Titanium Dioxide, Nanoparticles, Lung Cancer, Toxicity

1. Introduction

Richard Feynman a University Professor in 1959 proposed the idea of nanotechnology engineering [1] . “There’s plenty of room at the bottom” was Richard’s famous quote relating to the concept of working with nanoscopic materials of sizes ranging from 0.1 - 100 nm [2] . Nanotechnology is a rapidly developing industry throughout the world since the idea proposed by Richard. This engineering discovery has brought about medical, engineering, and economic prosperity to most industrialised countries. For example, some industrial paints, food, computer chips, and sunscreens are manufactured from nanomaterial [3] . It is the physicochemical properties of nanomaterial that makes them very economical because of their large surface area, structure, solubility, super strength than steel and an excellent conductor of electricity [4] .

The scientific triumph has also brought with it emerging health concerns according to most literatures. This is a concern within occupational health setting where manufacturers involved in the production of nano engineered products may be exposed to nano dusts and particles [5] . In addition, nanomaterial is widespread throughout the world presenting new challenges to risk assessment managers to find solutions to control risks and hazards associated with the use of Carbon Nano Tubes and nanomaterial.

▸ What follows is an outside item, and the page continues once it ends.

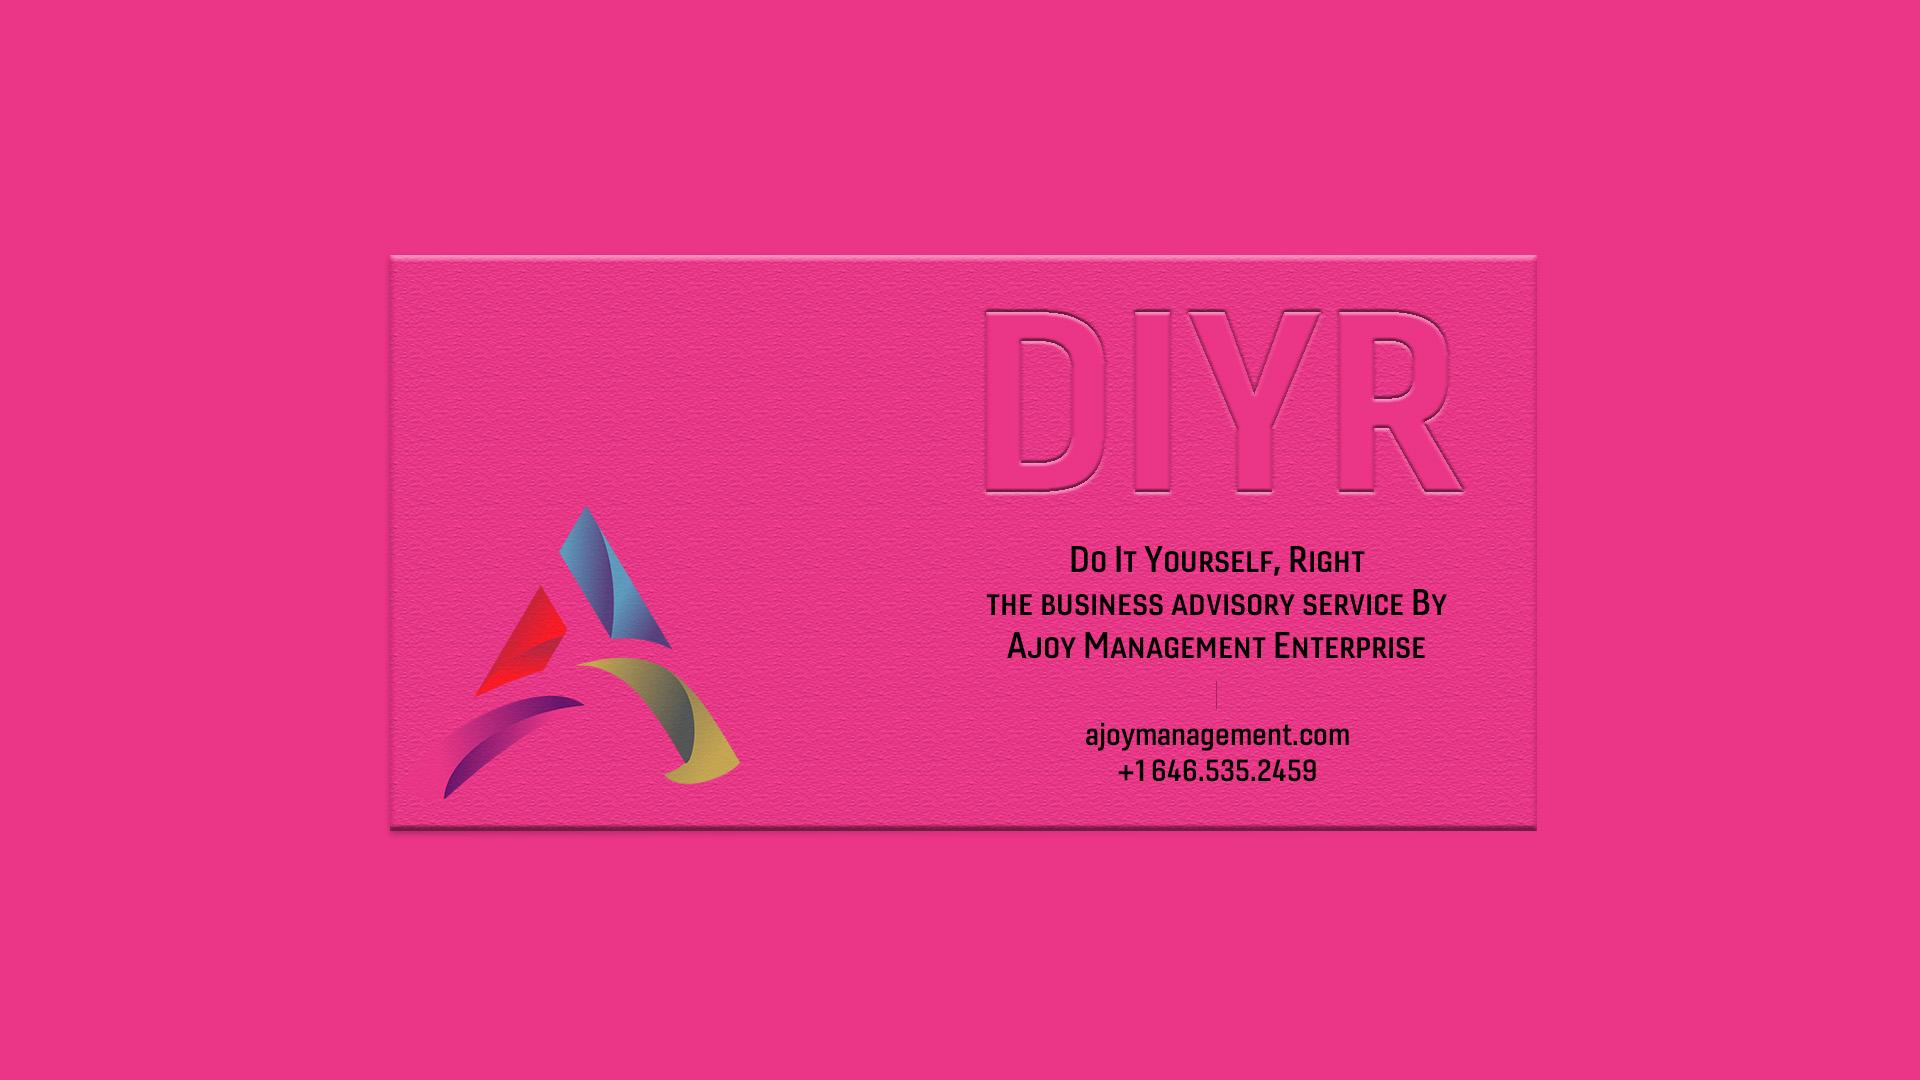 Ajoy DIYR - A1 (HP).jpg

This review is focused on Titanium dioxide nano particle that is widely used to manufacture colour in paint products, plastics, papers, inks, food colour, toothpaste, and skin products [6] . The nano particle has been known to cause inflammation through entering a biological system through dermal; ingestion; and inhalation pathway. Moreover, Titanium dioxide nanoparticle is known to cause lung inflammation and the particle can also redistribute from the lung to kidney, liver, and brain and it is closely associated with ROS (Reactive Oxygen Species) [7] . Moreover, Titanium dioxide nanoparticle has been shown to induce ROS in mitochondria leading to DNA damage in lung cells.

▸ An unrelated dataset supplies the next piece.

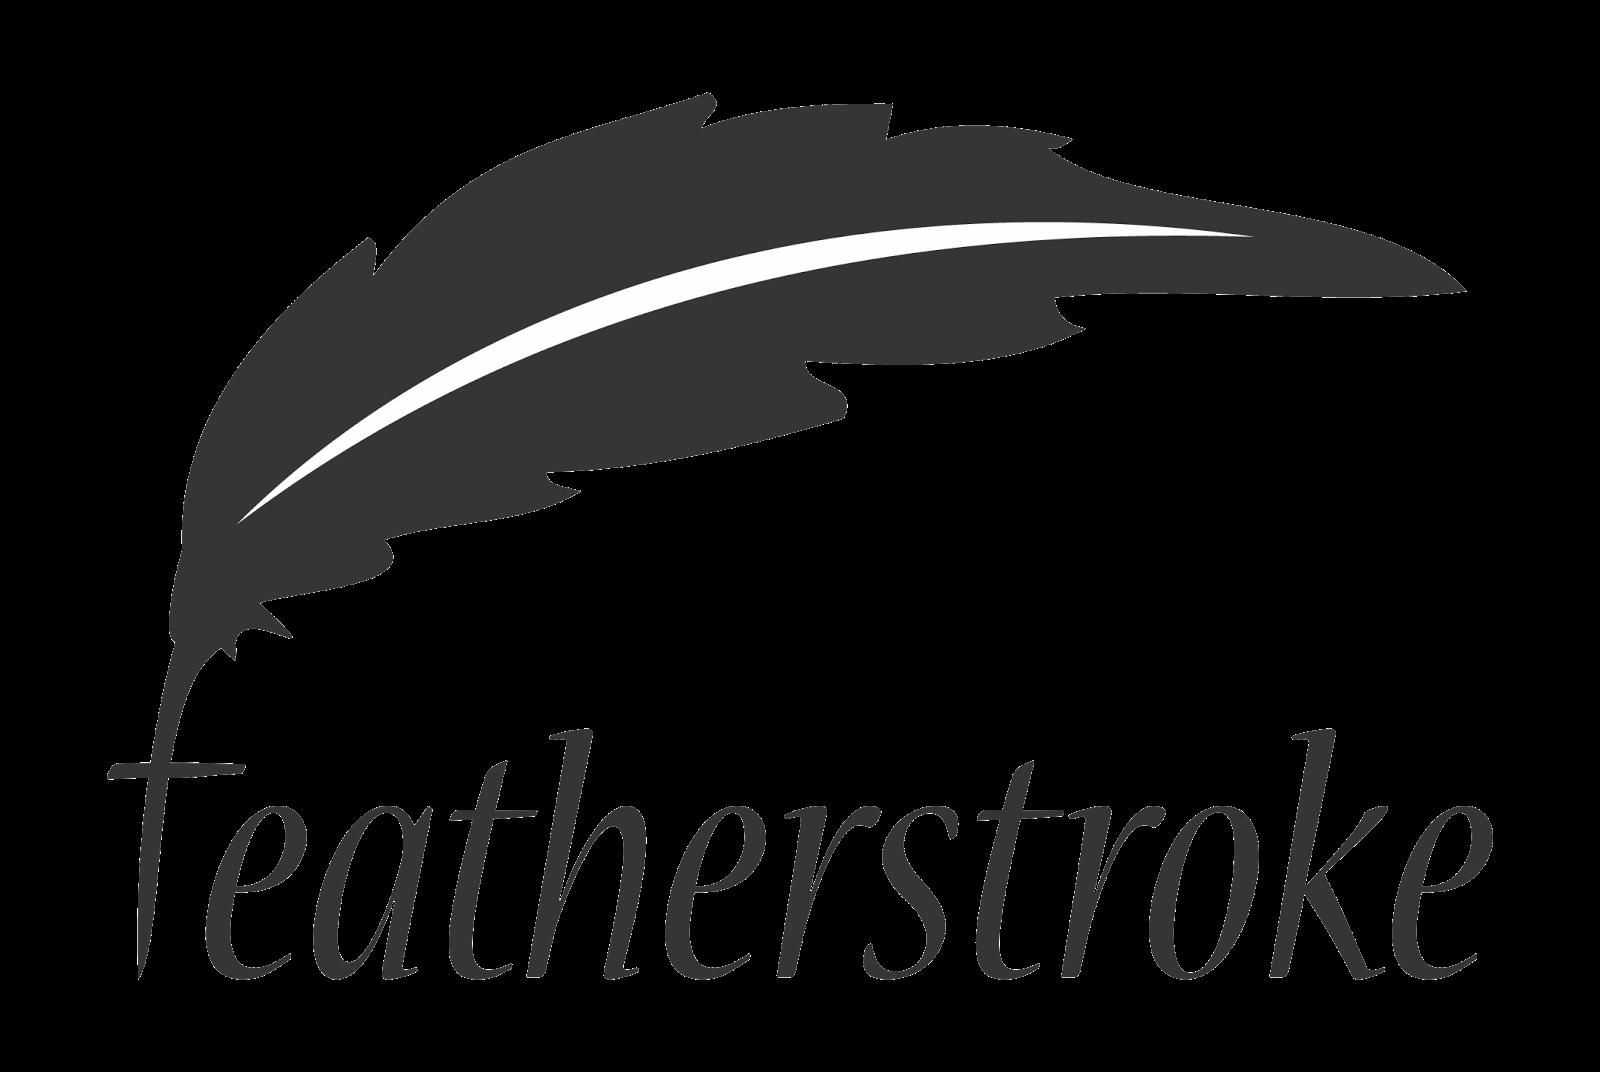 Featherstroke Logo

Titanium dioxide Nano particle comes in three forms which include Rutile (mineral form), Anatase (Mineral and crystal form); and Brookite. Anatase form of TiO2 NP is the most reactive form known to cause inflammation to lung of laboratory rats than Rutile and Brookite, however, TiO2 NP normally exist in both forms in general [8] .

2. Methods

The research question for this systematic literature review was constructed using Cochrane “PICO” method. Since there is lack of long term epidemiological study design using cohort based studies from human exposure it is difficult to formulate research question using intervention type questions. Therefore, only “P” and “O” from PICO were used to construct the question. That is to design the review question using Population that is affected from exposure to a disease as the outcome. This approach is recommended by Cochrane Library Tutorial.

2.1. Literature Search Strategy

After the research question was formulated a search was conducted using QUT Library electronic data base. The search was conducted on the 11, April 2014 using the quick search box as shown in the 1stbox of Figure 1. The 2nd lot of search was done on the 14th of April 2014 using the health data base and narrowing the search to Medline and Medline Web of knowledge. The same search engine was used for the 3rd link which led to EBSCO host as shown in the 3rd box of Figure 1.

2.2. Key Search Terms

The keywords used in this order include Titanium dioxide nanoparticles lung cancer toxicity. In the first quick search button the following strategy was used

Figure 1. Shows how the Systematic Literature search was done.

as noted, “Titanium dioxide nanoparticle” AND “Lung cancer” was entered resulting in 1904 papers as indicated in Figure 1.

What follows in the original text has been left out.